Observability & Metrics

High-fidelity observability using eBPF and the unified act-agent

Updated Feb 14, 2026 Edit this page

Observability & Metrics

ACT leverages a unified agent architecture combined with eBPF (Extended Berkeley Packet Filter) to provide high-fidelity, low-overhead observability for your infrastructure and applications.

Architecture

The observability stack is built into the unified act-agent binary, which runs on every server. This eliminates the need for sidecars or multiple agents, ensuring minimal resource footprint (typically <5MB RAM).

eBPF Data Plane

On modern Linux kernels, ACT loads eBPF programs to collect metrics directly from the kernel. This method allows for:

  • Zero Instrumentation Code: No changes are required to your application code.
  • Low Overhead: Metrics are aggregated in kernel space using highly efficient maps.
  • Deep Visibility: Access to data unavailable to standard userspace agents (e.g., exact disk latency, TCP retransmissions).

The agent attaches to various kernel hooks:

  • sched_switch: Tracks CPU usage and context switches with microsecond precision.
  • tcp_rtt (LruHashMap): Measures network latency between all mesh peers.
  • stats_map: Collects per-container resource consumption from the kernel.
  • XDP Ingress: Packet-level ingress monitoring at the interface level, before full network stack processing.
  • Security Audit (execve, openat): Real-time auditing of process execution and sensitive file accesses using LSM hooks.
  • Procfs Fallback: Automatically falls back to /proc parsing if eBPF is unavailable.

Graceful Degradation

If eBPF is not available (e.g., on older kernels or incompatible environments), act-agent automatically falls back to a Procfs Provider. It continues to collect essential metrics via /proc filesystem and the Docker socket, ensuring basic visibility is always available.

Collected Metrics

The agent collects a comprehensive set of metrics across three dimensions:

1. Host Metrics

  • CPU: Usage, load averages, context switches.
  • Memory: Used, free, cache, swap.
  • Disk: Read/write operations, throughput, latency.
  • Network: Bytes in/out, packets, errors on all interfaces.

2. Container Metrics

  • Resource Usage: per-container CPU, memory, and I/O.
  • Lifecycle: Detection of new containers and zombie processes.
  • Topology: Mapping of container-to-container communication.

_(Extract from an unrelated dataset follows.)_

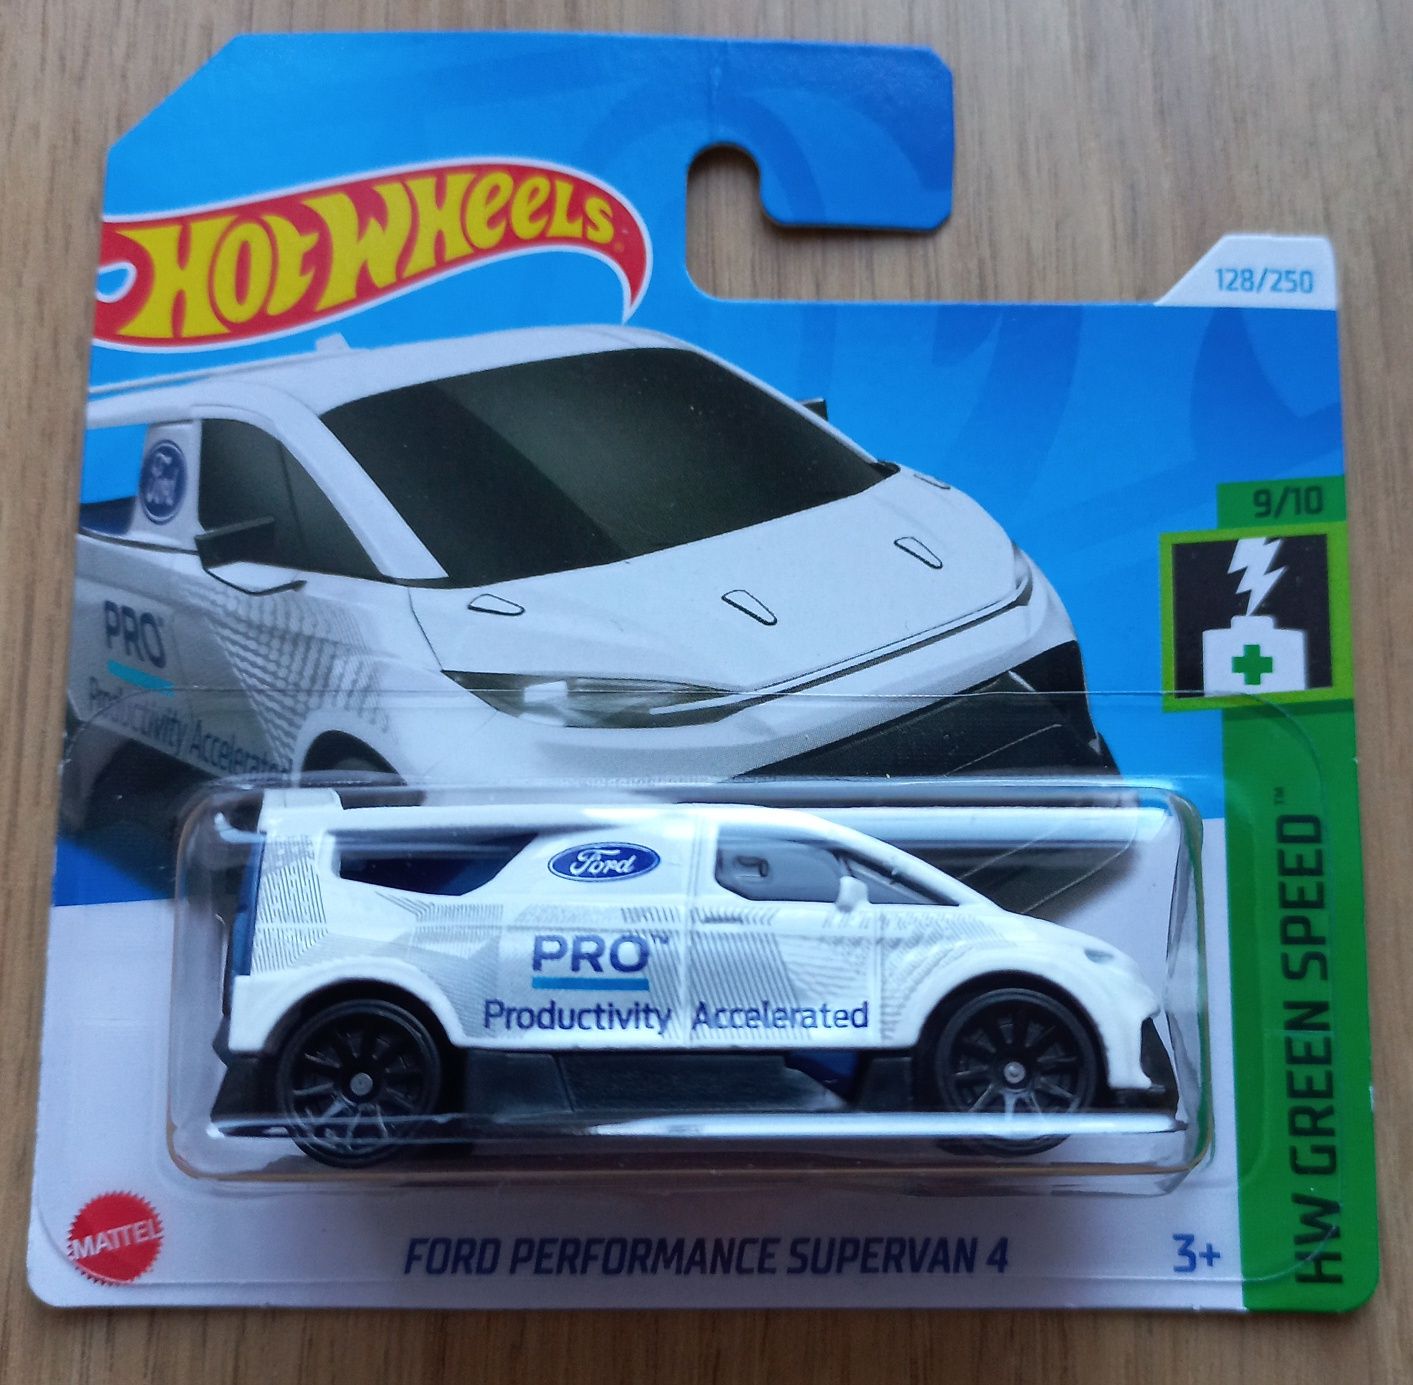 Ford Performance Supervan 4 Hot Wheels nowy fabrycznie zapakowany.
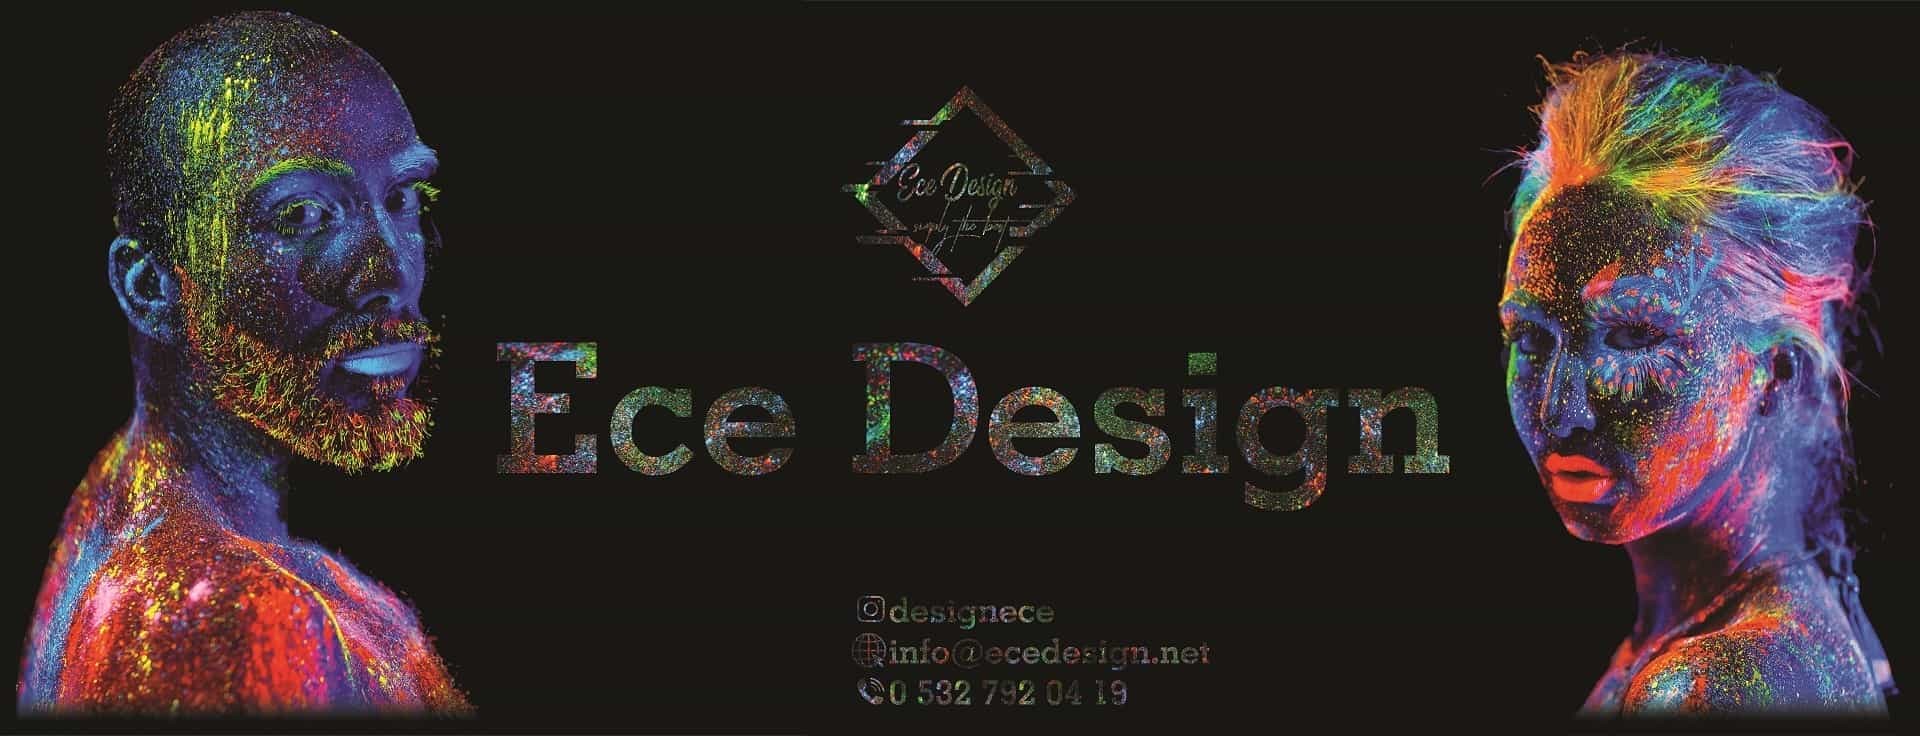 Ece Design

3. Application Performance (APM)

  • HTTP/HTTPS: Kernel-level socket tracing for request rates and latency distributions (p50, p90, p99).
  • Network Acceleration: Packet-level stats via XDP.

4. Security Audit

  • Process Activity: Tracking of every execve call with UID/GID and command-line context.
  • File Integrity: Monitoring of sensitive file opens (openat) across the system.

5. Agent Self-Monitoring

  • Overhead Tracking: The agent monitors its own CPU (permille) and Memory (RSS) usage to ensure it remains within the advertised ultra-low footprint.

Runtime Modes

The act-agent supports multiple modes of operation:

  • Daemon Mode (--daemon): The default mode. Aggregates metrics and pushes them to the Control Plane.
  • Buffered Ingestion: The API ingestor uses a write-ahead buffer (channel) and background worker to handle high-frequency metric streams without database contention.
  • Query Mode (--query <subsystem>): A one-shot command that outputs current local state as JSON for debugging.

Visualization

Metrics are visualized in the ACT Dashboard:

  • Server Detail: Real-time resource graphs.
  • Observability Tab (Deep Systems): Advanced eBPF-powered charts including:
    • HTTP APM: Dual-axis request rate and latency monitor.
    • XDP Dashboard: Interface-level packet throughput.
    • Security Runtime Audit: Timeline of execution and system file events.
    • Efficiency Monitor: Precise tracking of agent resource utilization.
  • Container View: Per-container performance and topology.
  • Mesh Dashboard: Visualization of inter-server traffic and health.